■ **What to do**
Report how many lines of the records below include the word "Saphir". Give nothing but the number.

■ **Source material**

|---|

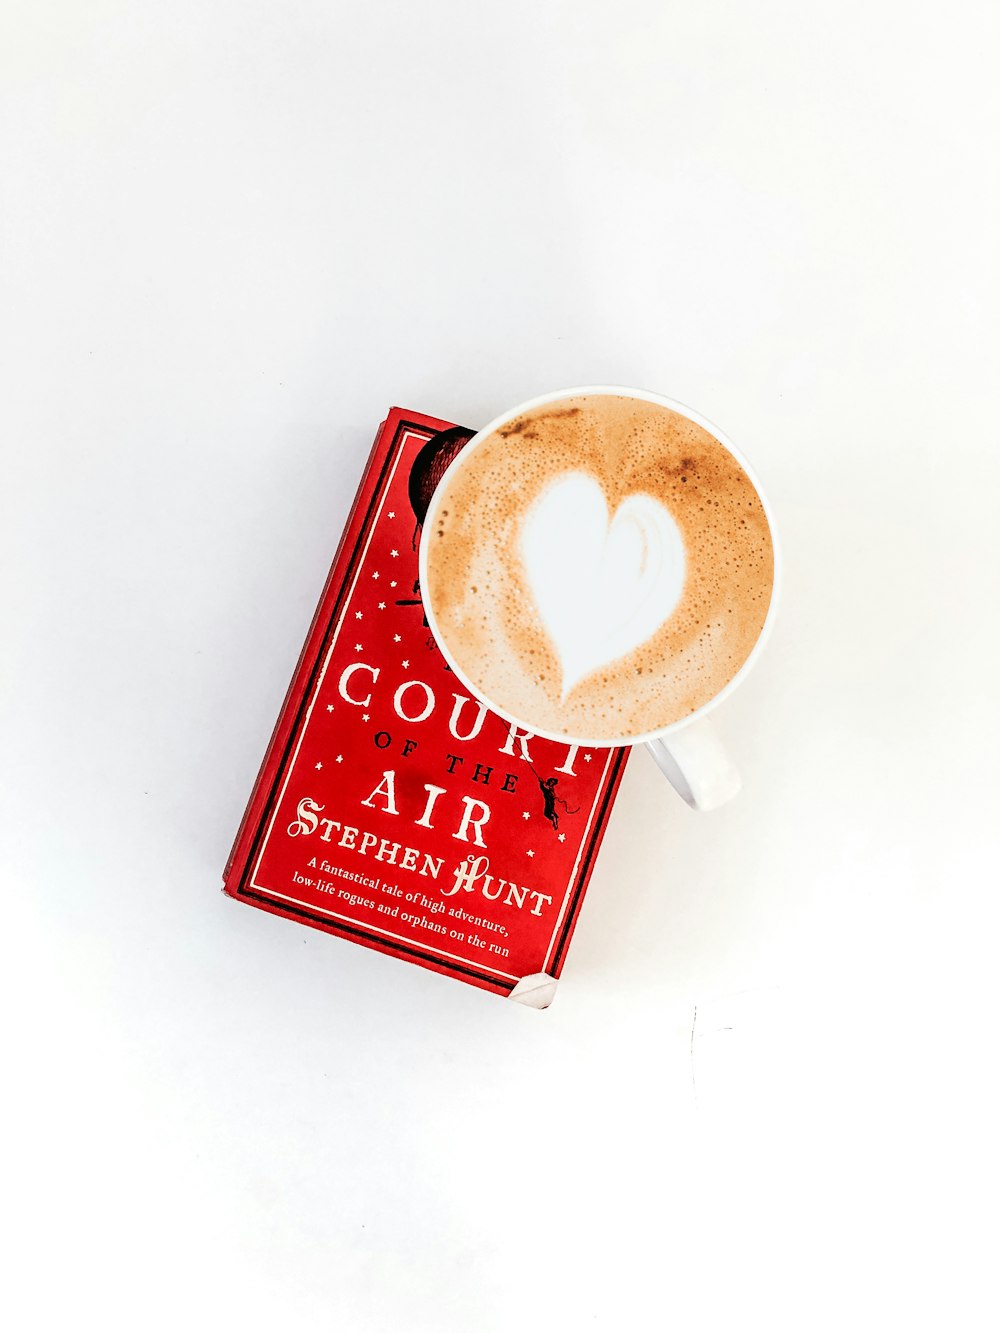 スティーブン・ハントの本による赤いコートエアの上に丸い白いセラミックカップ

|---|

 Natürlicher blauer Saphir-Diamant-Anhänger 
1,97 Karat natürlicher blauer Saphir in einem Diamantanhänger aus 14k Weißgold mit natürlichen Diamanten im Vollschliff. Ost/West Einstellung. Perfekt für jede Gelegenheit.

|---|

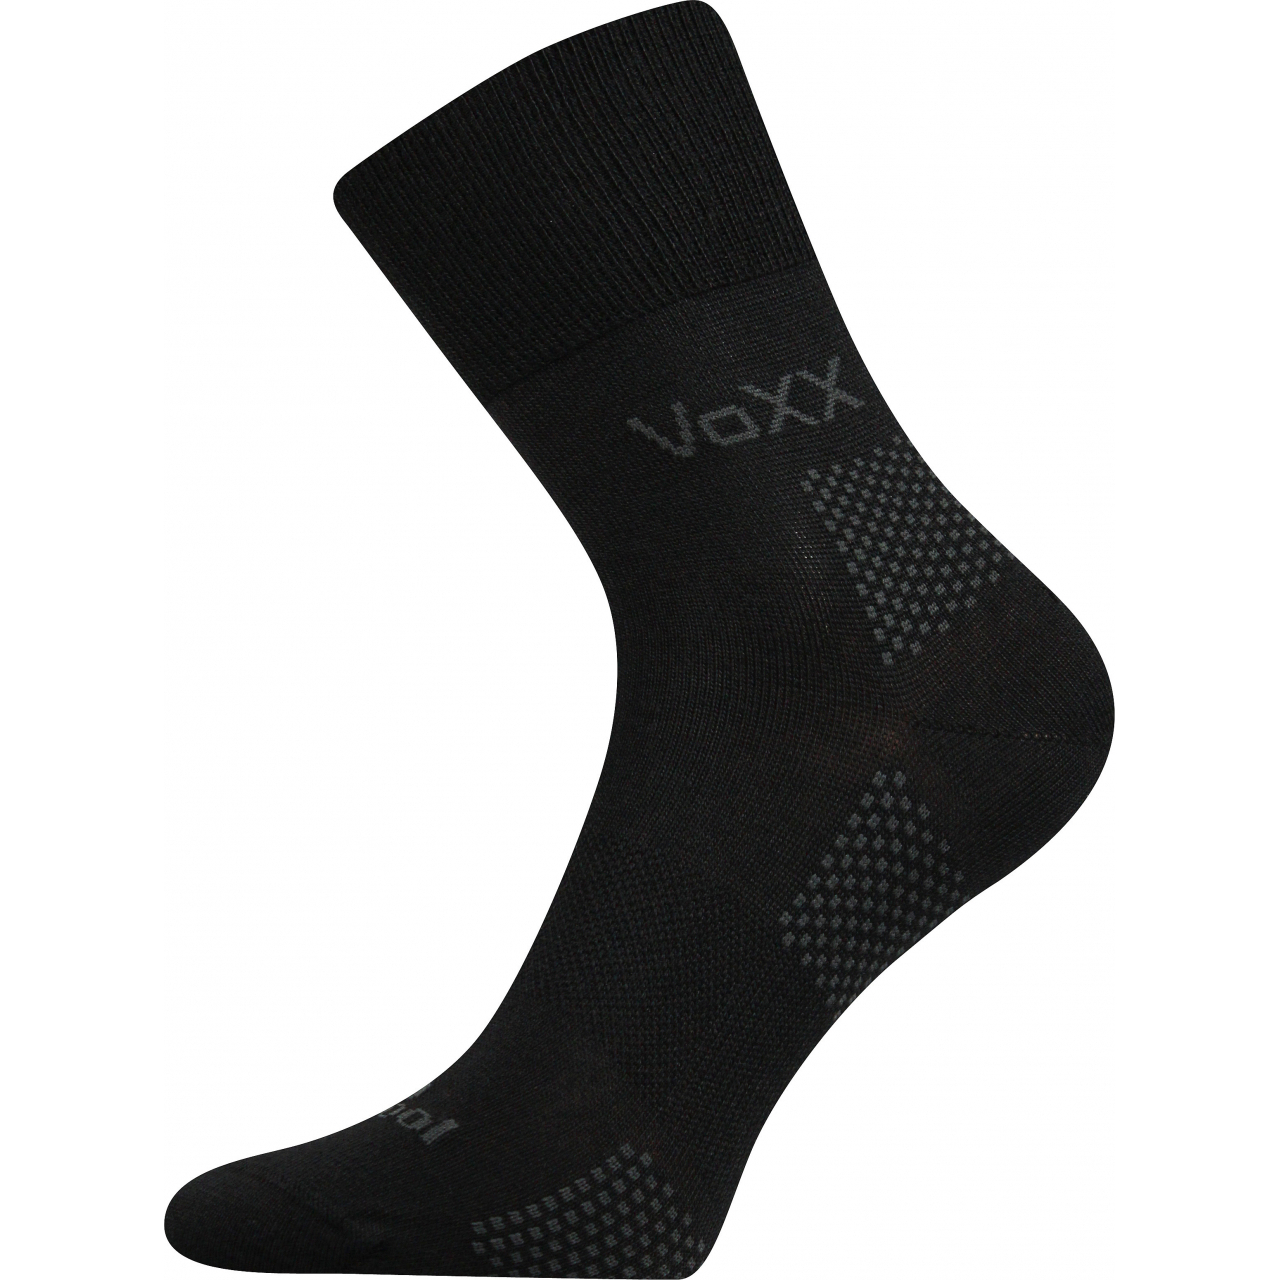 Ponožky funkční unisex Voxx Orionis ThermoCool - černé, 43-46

|---|

■ **Response to this exercise**
2